The algorithm presented here is not limited to a traditional CPU-based machine. We can apply it to a GPU-based machine. The current mainstream eight-core workstation can reach 75G FLOPS for double-precision floating-point operations and 150G FLOPS for single-precision floating-point number operations. The current best GPU-based workstation has four Tesla S1070 graphic cards with 300G FLOPS for double-precision floating-point number operations and 4000G FLOPS for single-precision floating-point number operations. Hence, we will also work along this path, which may provide more than tenfold acceleration with an approximate fourfold increase in hardware cost.

The application of tetrahedron-based inhomogeneous Monte Carlo simulation is not limited to optical imaging. The TIM-OS scheme can also be adapted in x-ray studies, such as x-ray dual energy, backscattering and dark field imaging. X-ray small-angle scattering is a unique contrast technique that reveals subtle structural variations within soft tissues. By incorporating small-angle scattering phase functions in our TIM-OS software, we can accurately model the small-angle scattering process in a biomedically relevant environment. Since the number of x-ray scattering events is much smaller than the number of optical scattering events, it is possible to simulate dark field imaging in real time on a regular PC.

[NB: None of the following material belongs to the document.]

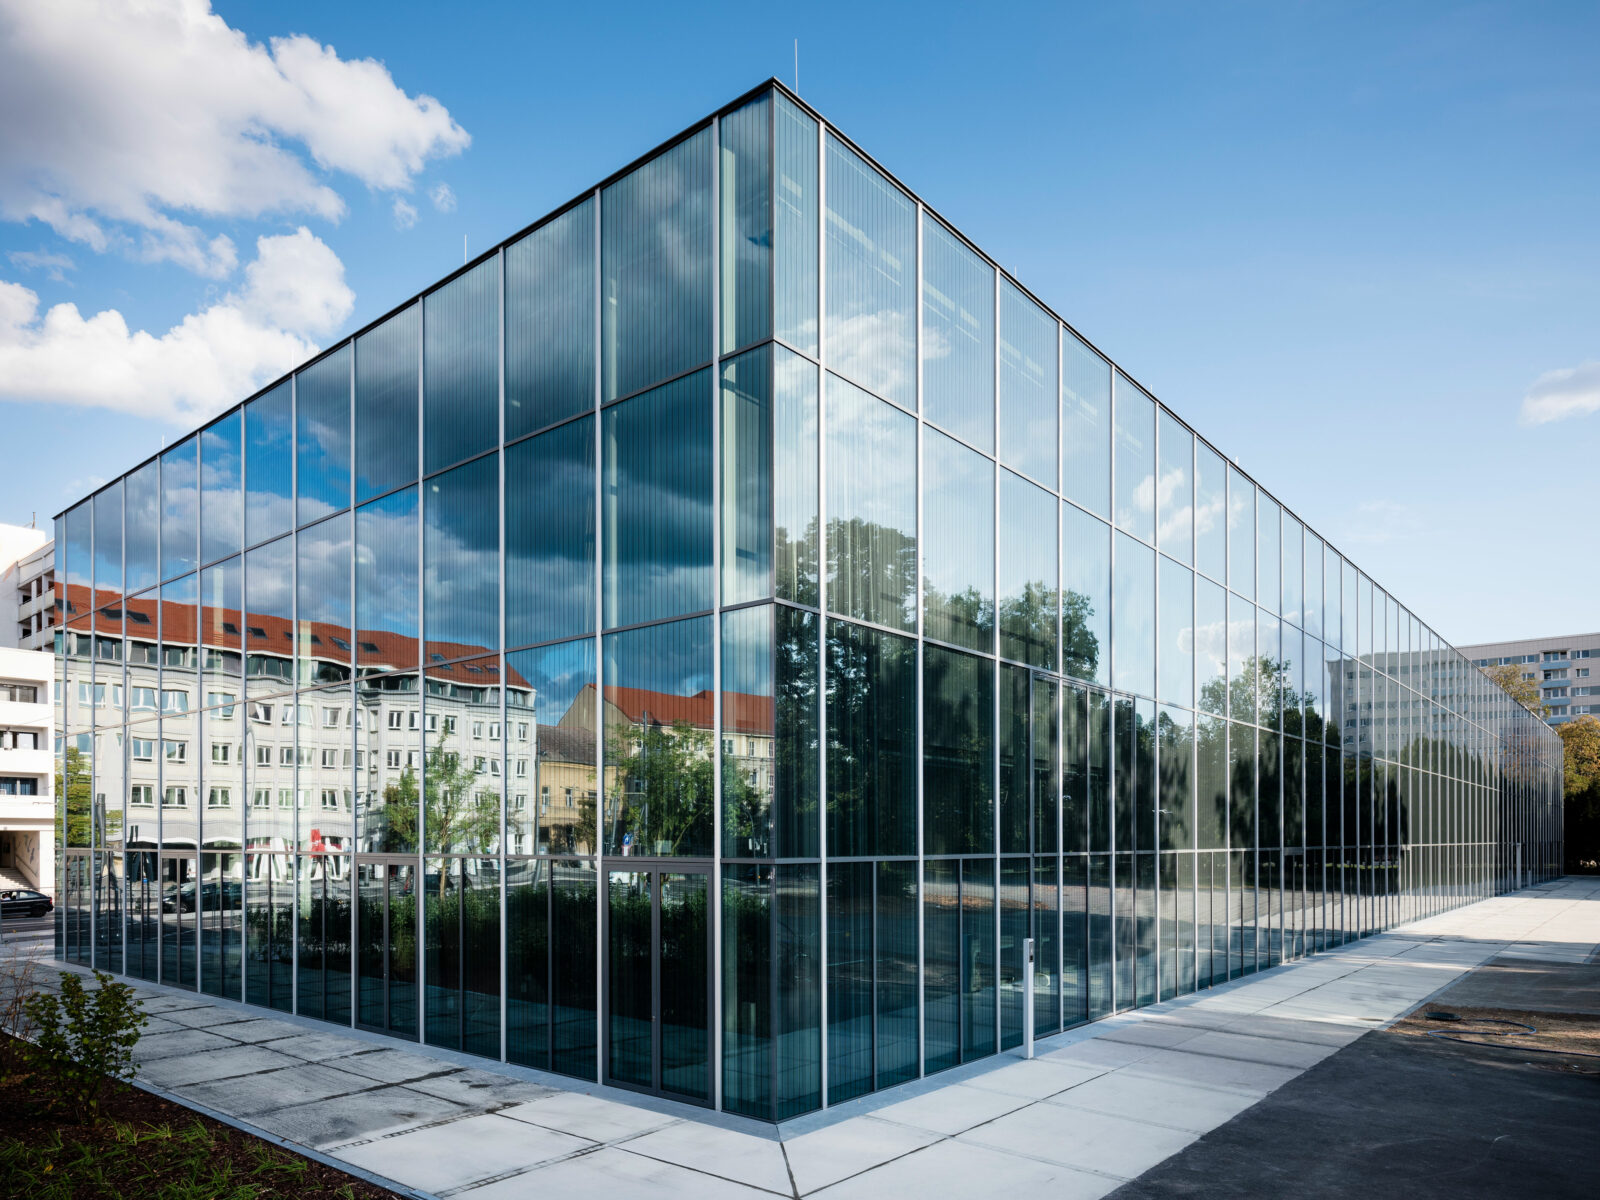 Ecke des Bauhaus Museums Dessau. In der Glasfassade spiegelt sich die Umgebung.

In conclusion, we have developed a new Monte Carlo scheme based on a relatively simple yet quite flexible tetrahedron-based optically inhomogeneous finite element mesh. This scheme greatly reduces the computational cost to solve optical radiative transport problems in the Monte Carlo simulation of complex heterogeneous biological tissues. The high performance of this scheme stems from the tetrahedron representation. In each tetrahedron, there are only four triangles. If a photon is in a tetrahedron, for each Monte Carlo propagation step the program only needs to test four triangles for a possible photon–triangle interaction. This type of interaction test is much simpler than traditional ray triangle interaction in the ray tracing scheme associated with a triangle-based surface mesh such as in triMC3D. Our numerical simulation results have confirmed the advantages of our tetrahedron-based approach. For a multi-layered tissue, TIM-OS is faster than the original MCML even if both the programs use only one CPU core. For highly complex mouse geometry, TIM-OS is capable of solving the optical forward propagation problem on a current desktop PC. This type of capability has never been previously demonstrated on a desktop PC.